On tour Ray says the boys get through the schedule with constant video games, movies and music. “Every time we stop at a Wal-Mart or something we try to raid the $10-and-under bin. For me, being on the phone is the way to keep in contact. For the guys, whenever we come home from a tour their suitcases are no longer packed with clothes, filled with DVDs or CDs. Those kinds of things help you when you’re away for awhile.”

Despite a heavy touring schedule the boys play hard and try to get their audience really involved in the music. “One of the most fun songs is the first song off of the new record, “Helena;” it’s just a really somber but uplifting song and it hits home because it’s about Mikey’s grandmother who really helped us get started. It has a very personal meaning and we feel it every time we play it,” Ray says.

While the records both have a rock sound, Ray says there were changes in the band that really affected the recording of the second album. “We actually were more of a band when we recorded this second album,” he says. “Frank came and that week we started recording. We tried not to be self-indulgent; we really tried to get down to the bare bones of what makes a good song.” Tackling some tough issues lyrically, the music of My Chemical Romance is intense. “We wanted to make music that really moves you emotionally,” Ray says.

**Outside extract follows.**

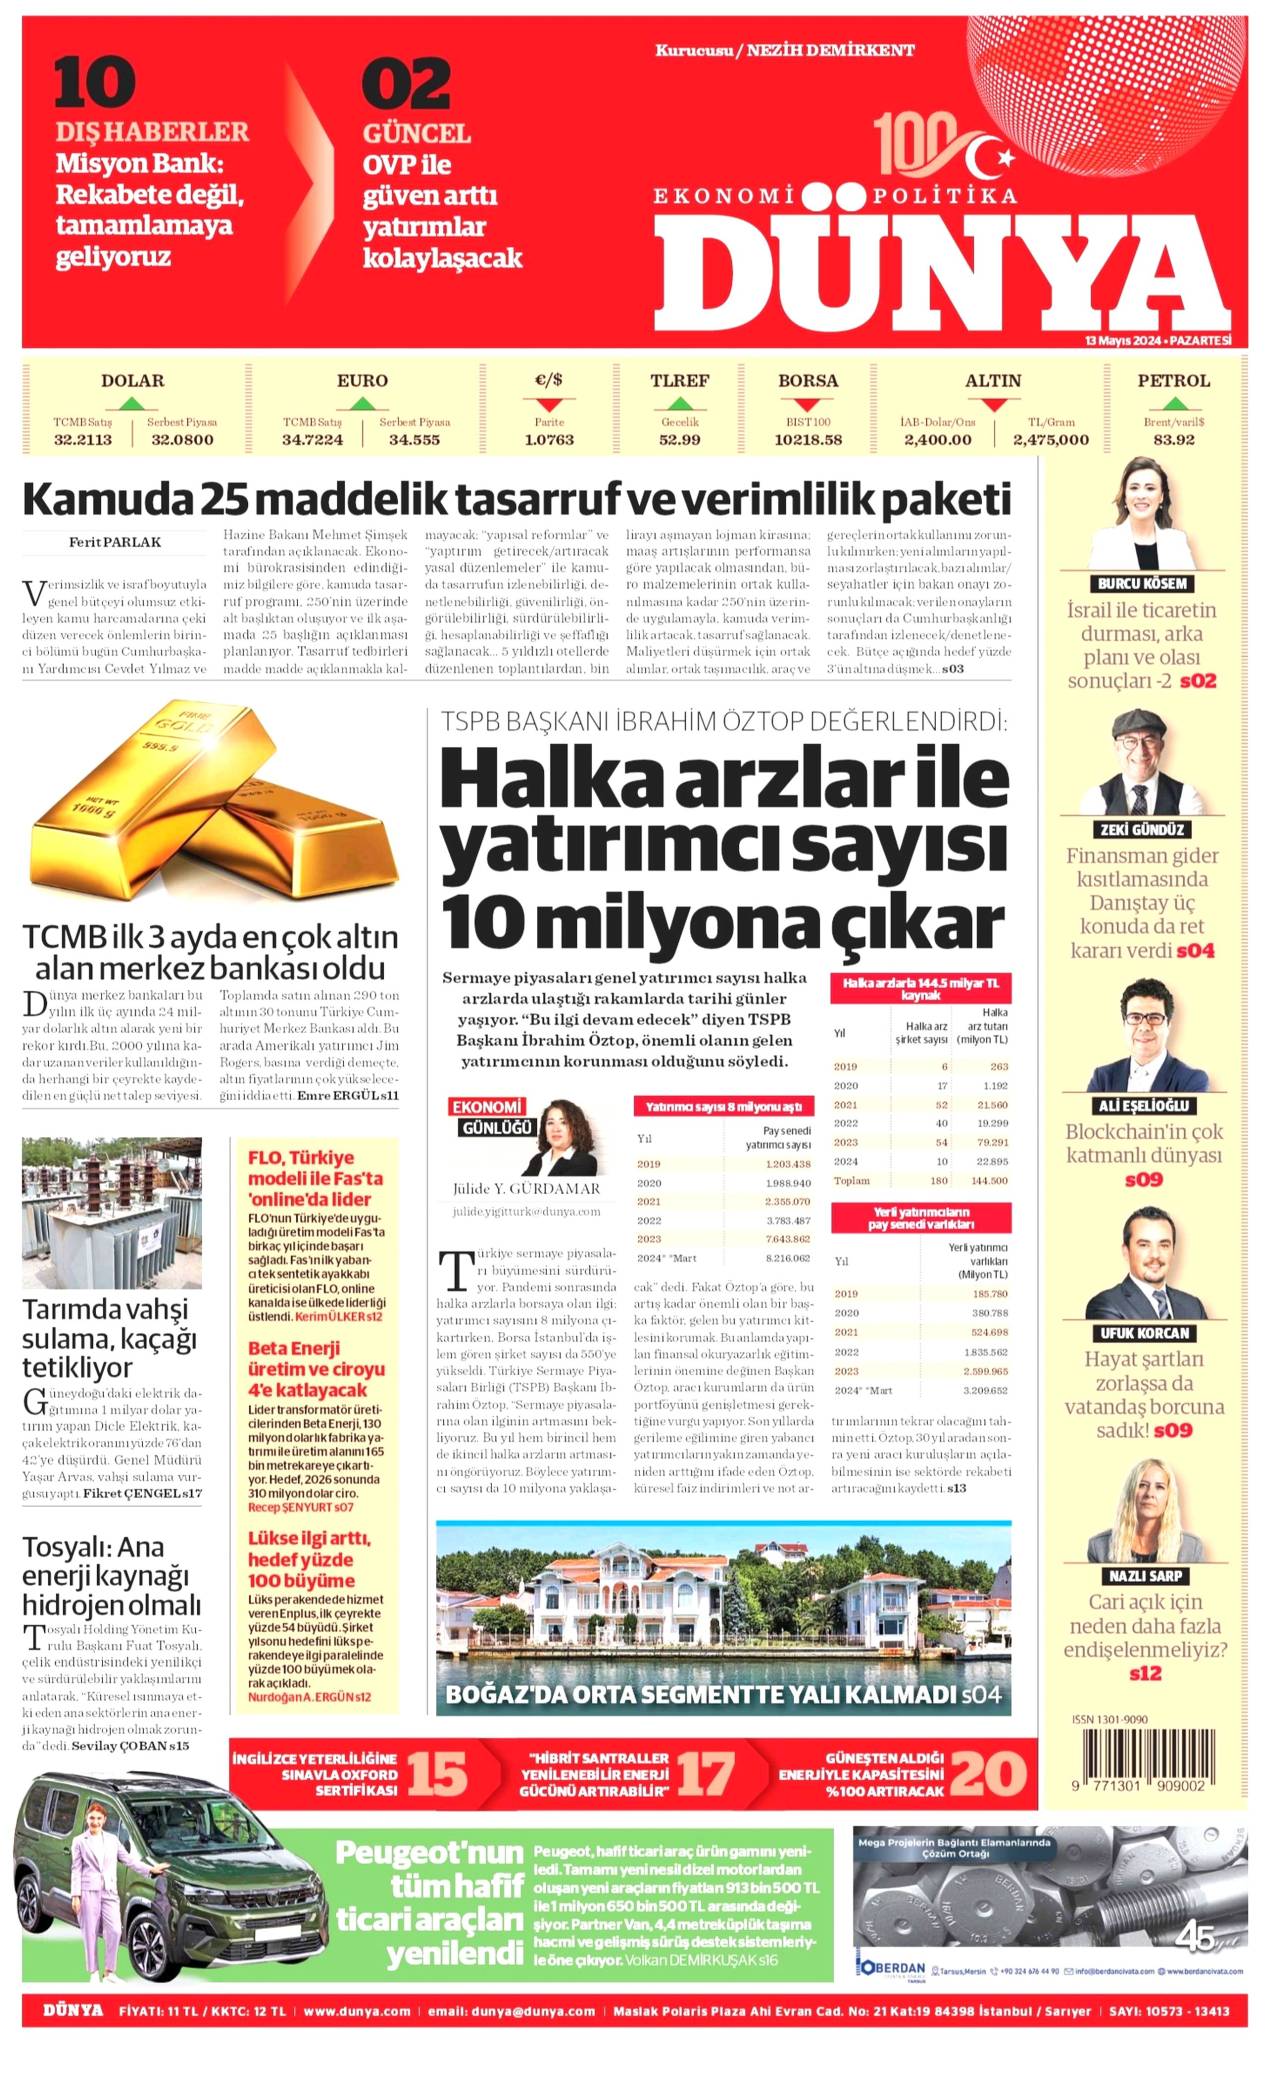  dunya Gazetesi

While being constantly promoted on MTV and playing on shows such as Letterman, Ray and the band seem to stay grounded. “All the people we’ve met are just really normal, they have normal things to talk about,” he says. “We do ordinary things, people we met are just chill, its hard to believe.”

From starting in a garage in New Jersey to definite success, Ray says the band is still in awe of the fame and the hype that surrounds it. “We’re all taken aback by the success and we don’t understand why it’s happened, we work hard but we consider ourselves really lucky. We haven’t really had the chance to look back at what we’ve accomplished because we’re always trying to look ahead,” he says. With the success and dedication of the quintet, expect big things in the future.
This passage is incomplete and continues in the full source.